Afirma Tynianov que o estudo isolado de uma obra literária não fornece elementos suficientes para a compreensão plena de sua construção. Ou seja, o exame mais detalhado do texto, a ênfase na obra, defendida pelos formalistas, só estaria completa se o pesquisador tivesse liberdade para considerar o peso de certas informações advindas da análise do contexto.
Outra observação interessante que podemosretirar da obra deste importante teórico vem ressaltada por Tânia Carvalhal (2006, p.47):
Tynianov alerta que “um mesmo elemento tem funções diferentes em sistemas diferentes”, o que nos leva a pensar que um elemento, retirado de seu contexto original para integrar outro contexto, já não pode ser considerado idêntico.
A sua inserção em novo sistema altera sua própria natureza, pois exerce outra função.
Trata-se de uma observação de extrema importância para as pesquisas em Literatura Comparada. Quando se analisam em paralelo textos de autores que viveram em épocas diferentes ou pertenceram a culturas diferentes, é preciso ter em consideração as grandes diferenças de contexto porventura existentes.  

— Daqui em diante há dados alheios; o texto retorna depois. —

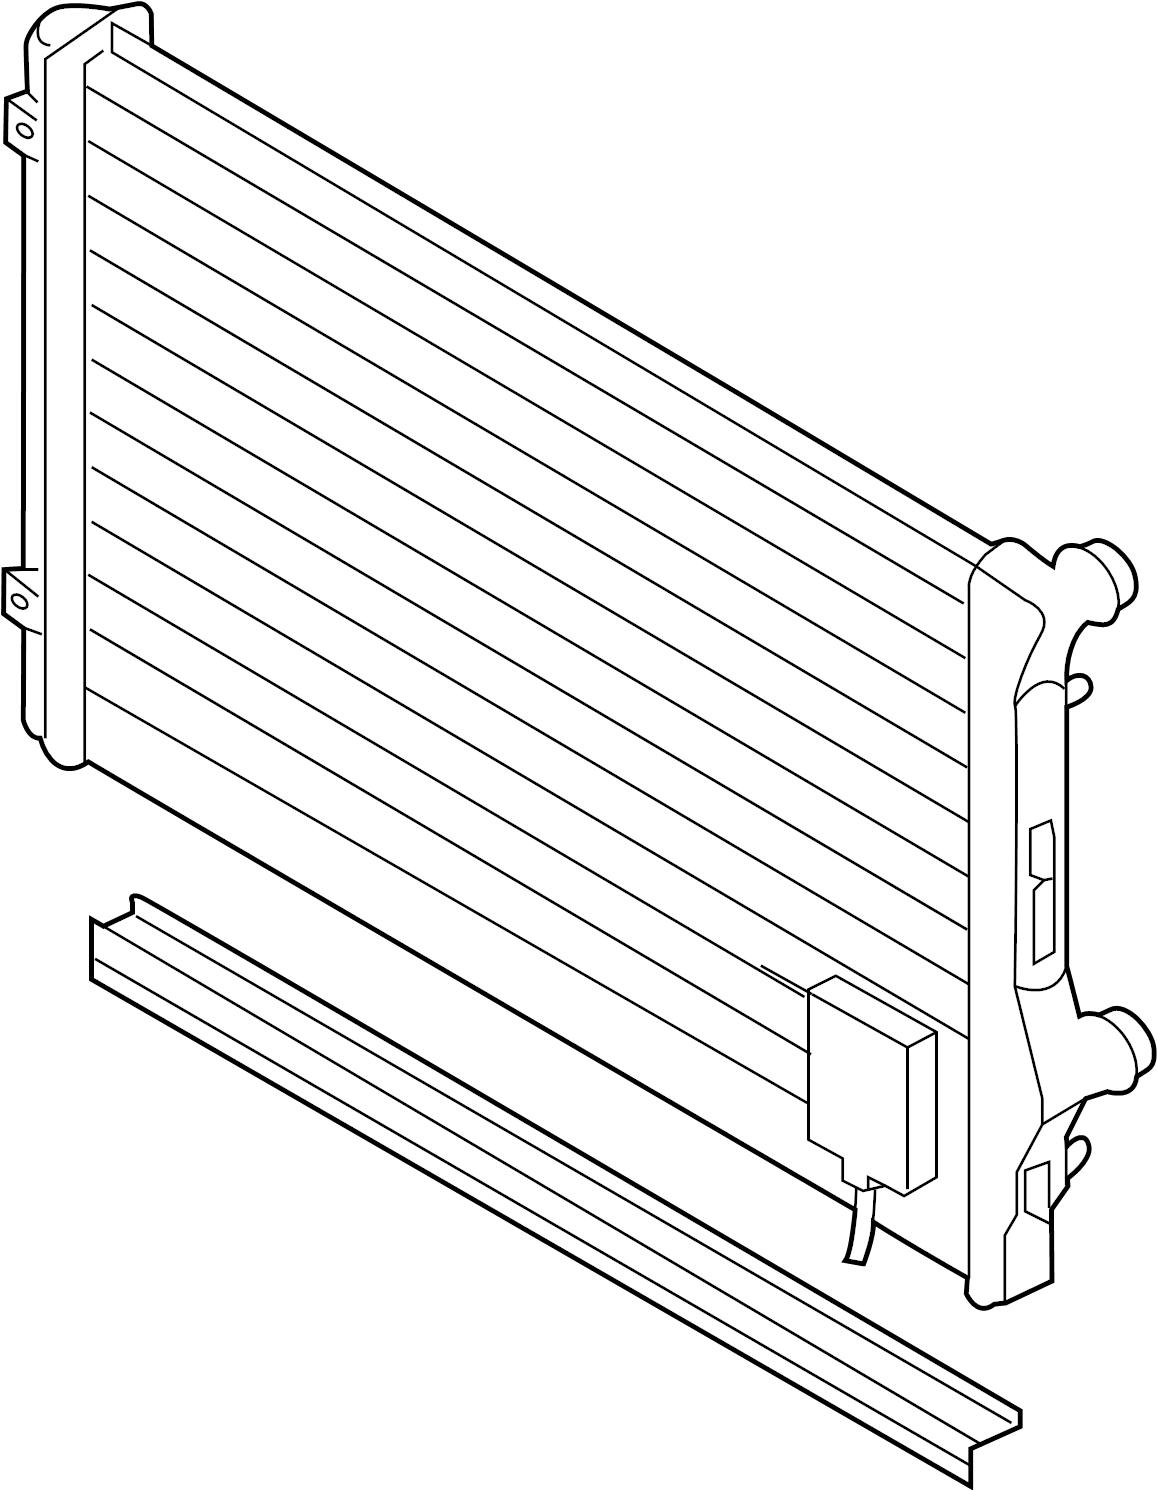 2013 volkswagen jetta gli radiator assembly  650 x 454mm

Portanto, para o comparatista, importa o fato de que o diálogo entre dois textos, entre a obra de dois autores, pressupõe uma pesquisa rigorosa, que não deixe de levar em conta o tipo de diálogo que cada texto estabeleceu com seu próprio tempo.
A partir de análise comparativa entre Otelo e Dom Casmurro, não se pode deixar de lado as diferenças que havia entre o Brasil do final do século XIX e a Europa do final da Idade Média, época em que se passa o enredo shakespeariano.
Isso pode explicar como o protagonista da tragédia toma a si mesmo a tarefa de matar sua esposa, tida por ele como adúltera. Segundo valores de honra, muito importantes na época, caberia ao próprio ofendido a iniciativa de buscar uma retratação pública. Otelo mata sua esposa e todos ficam sabendo disso. Já nos tempos de Machado, o cinismo da moral burguesa era um convite à dissimulação. Era preciso salvar as aparências.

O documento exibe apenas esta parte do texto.